2013-06-25	make mog_fd_get static, favor mog_fd_init
	mog_fd_init enforces setting the correct type, so relegate mog_fd_get to private usage inside fdmap.c
2013-06-25	build: get the gnulib version via autogen.sh
	This is useful for: a) repeatibly generating the same tarball off git b) diagnosing and tracking down (rare) gnulib bugs c) 3rd parties verifying we do not put malicious code into our tarballs
2013-06-25	mnt: attempt to match iostat output by st_rdev
	st_rdev matching is necessary for cases where the block devices are aliased (not via symlinks), and mountlist returns a different name for the device than what iostat uses. This is the case for my cryptmount(8) setup, where /dev/mapper/FOO and /dev/dm-N refer to the same device (with matching st_dev and st_rdev numbers), but neither is a symlink to the other (nor are they hardlinks). stat() on block devices in /dev should always be fast and non-blocking, as /dev is expected to be non-networked on any reasonable system (at least those serving as a MogileFS storage node).
2013-05-11	cmogstored 1.2.2 - minor maintenance release v1.2.2 1.2-stable
	This is a minor maintenance release, no need to upgrade unless a) your gcc defaults to -march=i386 (e.g. 32-bit CentOS 5) b) your device names include '-' (e.g. Linux device mapper users) There are also some minor doc updates to clarify tarball vs git installation and a trivial error-handling fix which should not affect any current users. Eric Wong (6): build: add check for GCC atomics alloc: posix_memalign does not set errno iostat_parser: allow '-' for device names test/cmogstored-cfg: ensure TMPDIR is absolute for valgrind INSTALL: clarify between starting from tarball vs git INSTALL: update versions and URLs cmogstored 1.3 will have some fairly intrusive internal changes and cleanups to make it easier for users to trace and diagnose system and network problems.
2013-05-11	INSTALL: update versions and URLs
	libkqueue recently migrated to SourceForge and Debian 7.0 is the new stable. We still support Debian 6.0 and will likely support it for years to come since CentOS 5.x remains supported. (cherry picked from commit 86e5d10649f14fe3b3c8af37fd8ec04cc337fc9e)
2013-05-11	INSTALL: clarify between starting from tarball vs git
	Users unfamiliar with autotools may not realize bootstraping is required when building from git. (cherry picked from commit 1e80ba592ede05fe40b31686142f82294891afd0)

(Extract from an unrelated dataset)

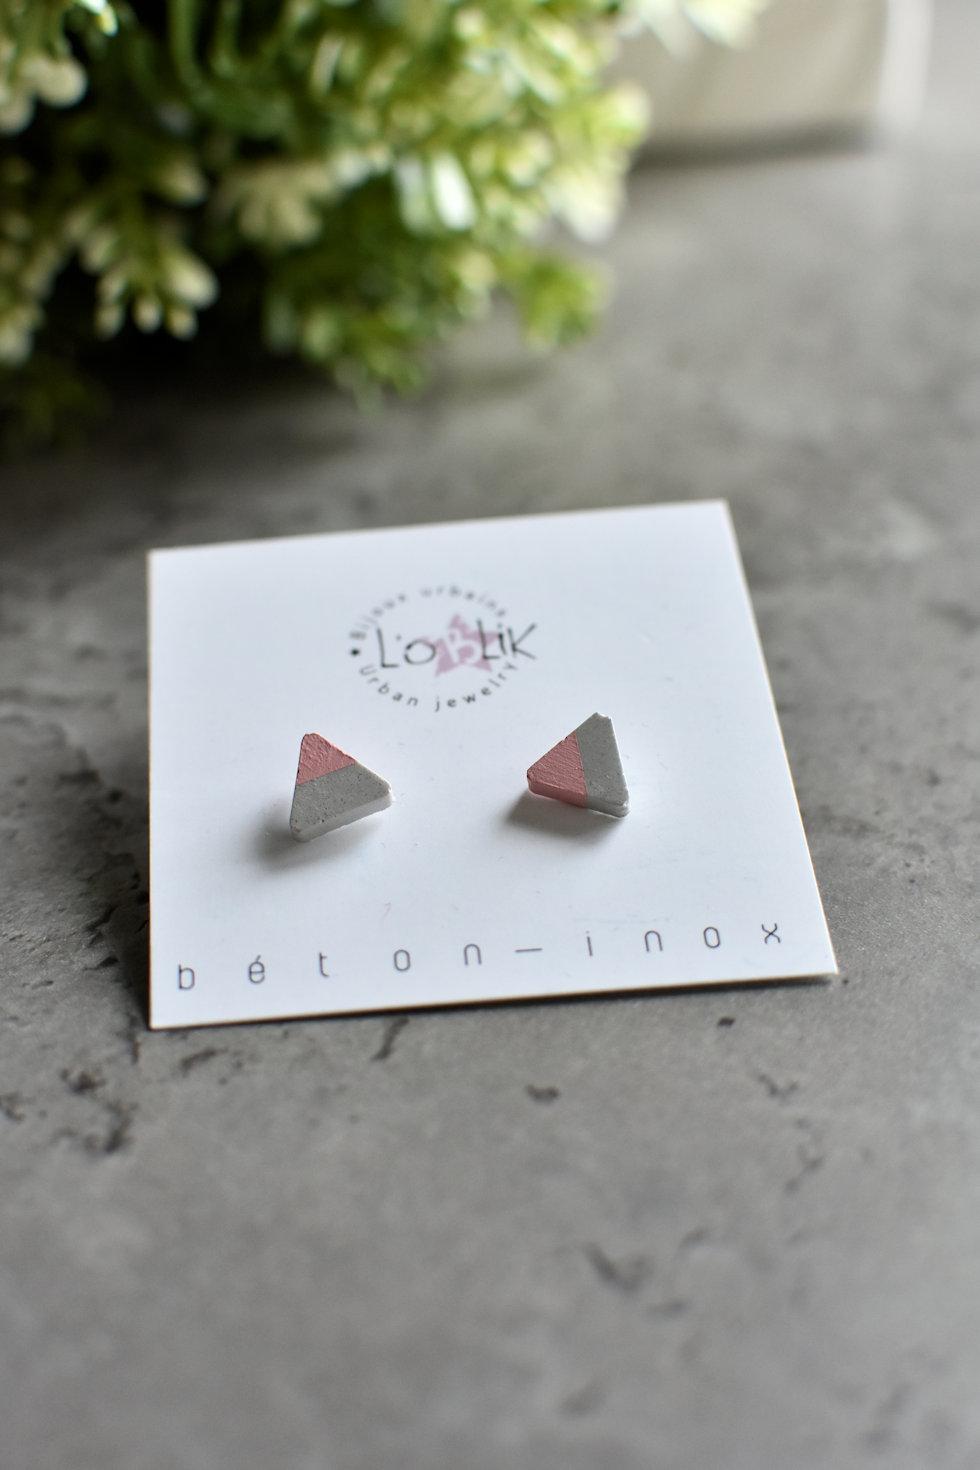 Boucles d'oreilles gris/rose de L'OBLIK-Bijoux urbains. Fait au Québec

2013-05-11	INSTALL: update versions and URLs
	libkqueue recently migrated to SourceForge and Debian 7.0 is the new stable. We still support Debian 6.0 and will likely support it for years to come since CentOS 5.x remains supported.
2013-05-11	INSTALL: clarify between starting from tarball vs git
	Users unfamiliar with autotools may not realize bootstraping is required when building from git.